La Québécoise Christiane Pelchat se trouvait dans le village d’Étang-Rey, dans le sud d’Haïti, cette semaine, alors que l’ouragan Matthew détruisait tout sur son passage. « J’ai eu très peur. Je me suis demandé si je n’allais pas y passer, honnêtement, raconte-t-elle au téléphone. J’ai eu la peur de ma vie. Le vent était très fort, la pluie était tellement forte. C’était un bourdonnement, un vrombissement sans cesse. On ne pouvait pas dormir. »

La présidente de la Fondation Serge Marcil se trouvait dans l’orphelinat nommé en l’honneur de son mari, l’ex-ministre québécois mort dans le séisme de 2010. « On est chanceux. Comme on a reconstruit l’orphelinat en béton [en 2012] après le tremblement de terre, on n’a pas eu de blessés ni de morts », explique-t-elle. Toutefois, les récoltes sont perdues, le système électrique est hors d’usage et les châteaux d’eau se sont envolés. Les enfants de l’orphelinat se contentent ainsi de boire de l’eau de pluie pour le moment.

APPEL AUX DONS À MONTRÉAL

À Montréal, la communauté haïtienne a lancé un appel à la population hier afin d’amasser des fonds pour les sinistrés de l’ouragan. « On distribue des bâches, des couvertures, des tablettes de purification de l’eau, des contenants pour de l’eau, des kits pour reconstruire de façon urgente un abri », a affirmé Myrian Marotte, porte-parole de la Croix-Rouge internationale, en point de presse aux côtés de membres de la communauté haïtienne de Montréal.
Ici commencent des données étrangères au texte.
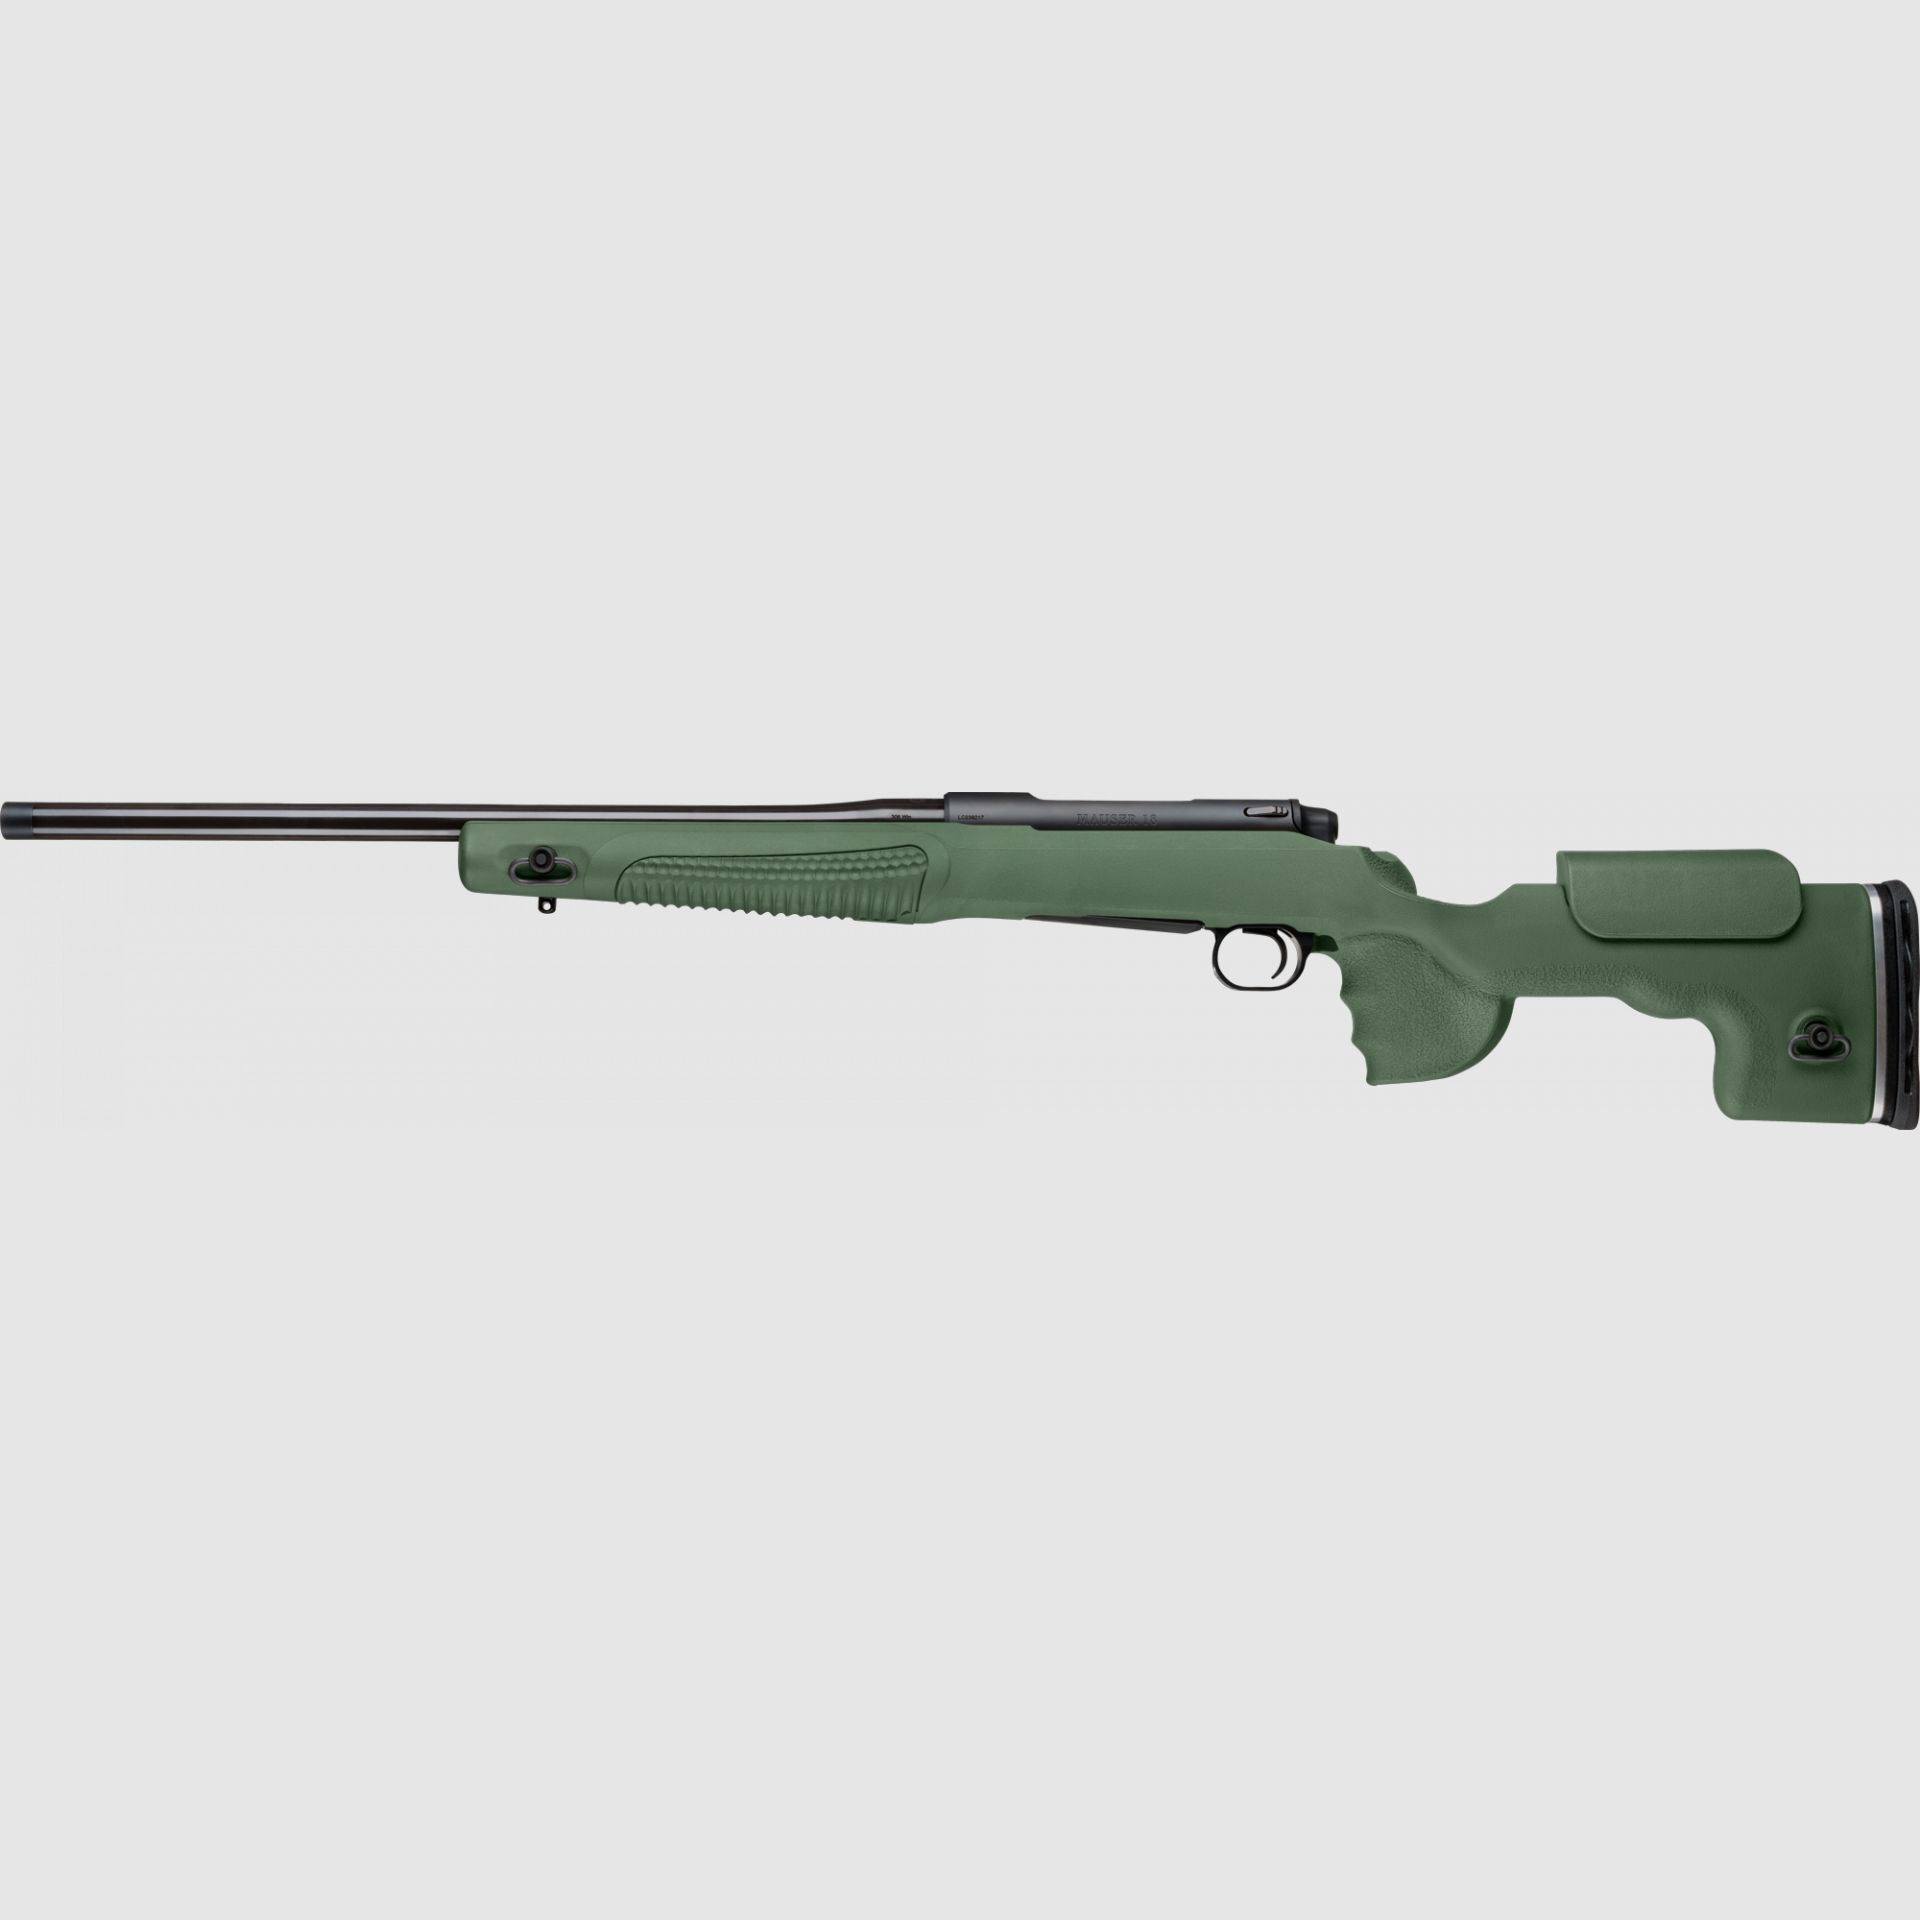 Mauser M18 Fenris - Mündungsgewinde Repetierbüchse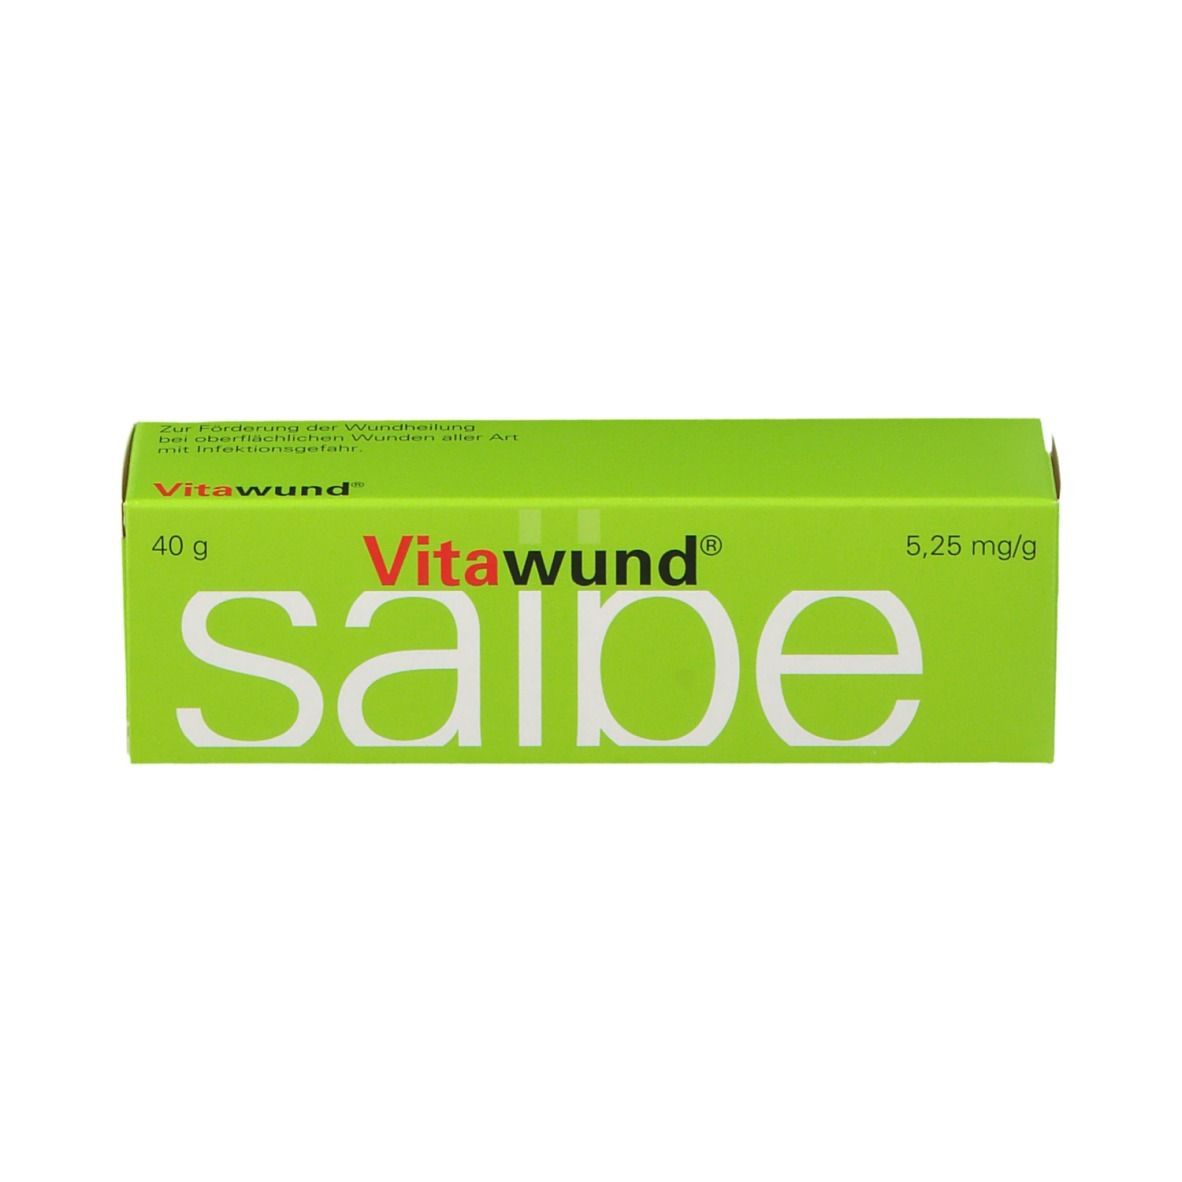 Vitawund® Salbe

L’organisme souhaite recueillir rapidement plus de 9 millions dans le monde. Par ailleurs, le gouvernement québécois a promis une aide de 500 000 $ pour venir en aide aux Haïtiens, un montant qui s’ajoute aux 3 millions du gouvernement fédéral promis jeudi.

HAÏTI ENTEND CONTRÔLER L’AIDE INTERNATIONALE

Le gouvernement haïtien s’est engagé hier à contrôler les efforts d’aide humanitaire afin d’éviter un fiasco semblable à celui de l’après-séisme de 2010, même si cette décision pourrait froisser certaines ONG. « On est très stricts sur ce point : ce pays est dirigé par un gouvernement. Si ces organisations ne reconnaissent pas le gouvernement, qu’elles ne viennent pas du tout. Sur le terrain, c’est la protection civile qui coordonne tout. On ne va pas transformer cet État en un véritable bordel. Ça ne va pas arriver. On en a fait l’expérience en 2010, on a appris de nos erreurs, on agira en gens responsables », a affirmé à l’Agence France-Presse le ministre de l’Intérieur François Anick.